8 The where fMRI has provided the opportunity to ask very specific ‘where’ questions Task-based, looking at activations, drawing conclusions Still a big debate about the bidirectionality of the pathways mentioned in the article Do they interact with each other or is it all like a one- way street? Different results  different conclusions  support different theories Will we ever really have an answer? I’m not even going to talk about all of the terms, but a lot of people were concerned with the “putative visual word form area” according to the internet, its function is still in debate.

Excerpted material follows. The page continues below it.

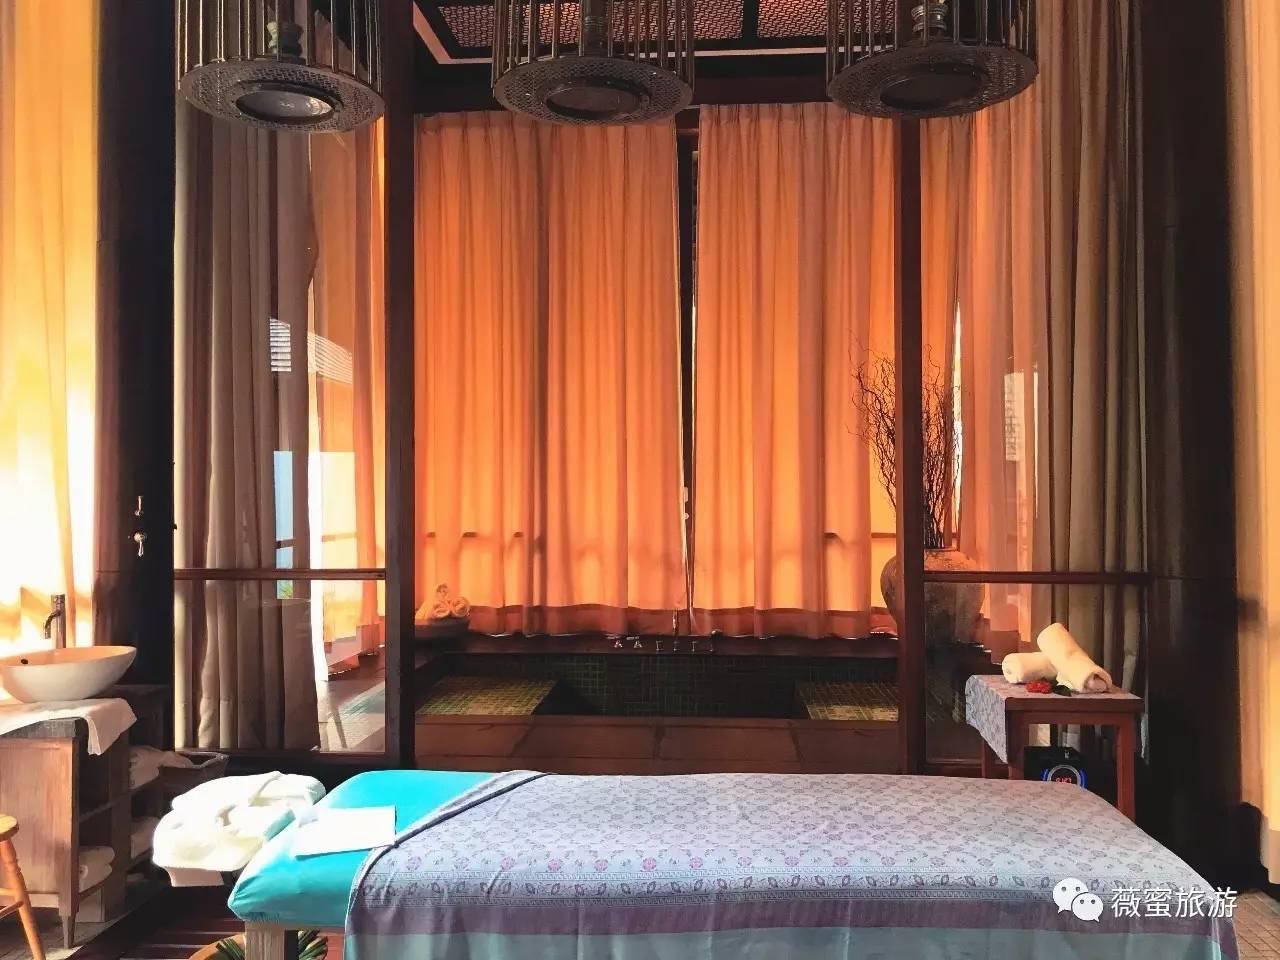 巴厘岛阿曼达林楼酒店

9 The how Requires very explicit computational processing mechanisms = models, models, models. Seems like the author has a bit of a preference towards the Interactive Activation model, which is based on both top-down and bottom-up processing of representations. Models seek to connect the what, where, and when to give us the how

10 What I got out of it Researchers have “pinpointed” the locations in the brain, but what does that do for us? Why should we care WHERE these things happen? (besides the obvious: deficits and injuries) We have all these models and now we can compare them to see which provide more realistic accounts of what’s going on during reading. There’s a lot going on in a lot of different places and we still don’t know enough, but we know much more than the blackbox answer!

11 Shortcomings What’s going on in the other hemisphere??
They totally ignored the right side. I was hoping they would talk a little bit more about the development of these systems (as that’s my interest). Understandable for them to not talk about development because we don’t really understand what’s going on in the fully developed system to begin with. Maybe studying longitudinally throughout development could aid in figuring out these wh-q’s because we could see what changes and in what ways and at what points in literacy do we see these changes.

12 Question/Concerns What do the constraints of possessing different orthographic, phonological, and semantic representations have on visual word recognition in the case of bilingual and multilingual readers? How might these processes develop throughout literacy growth? What about syntax?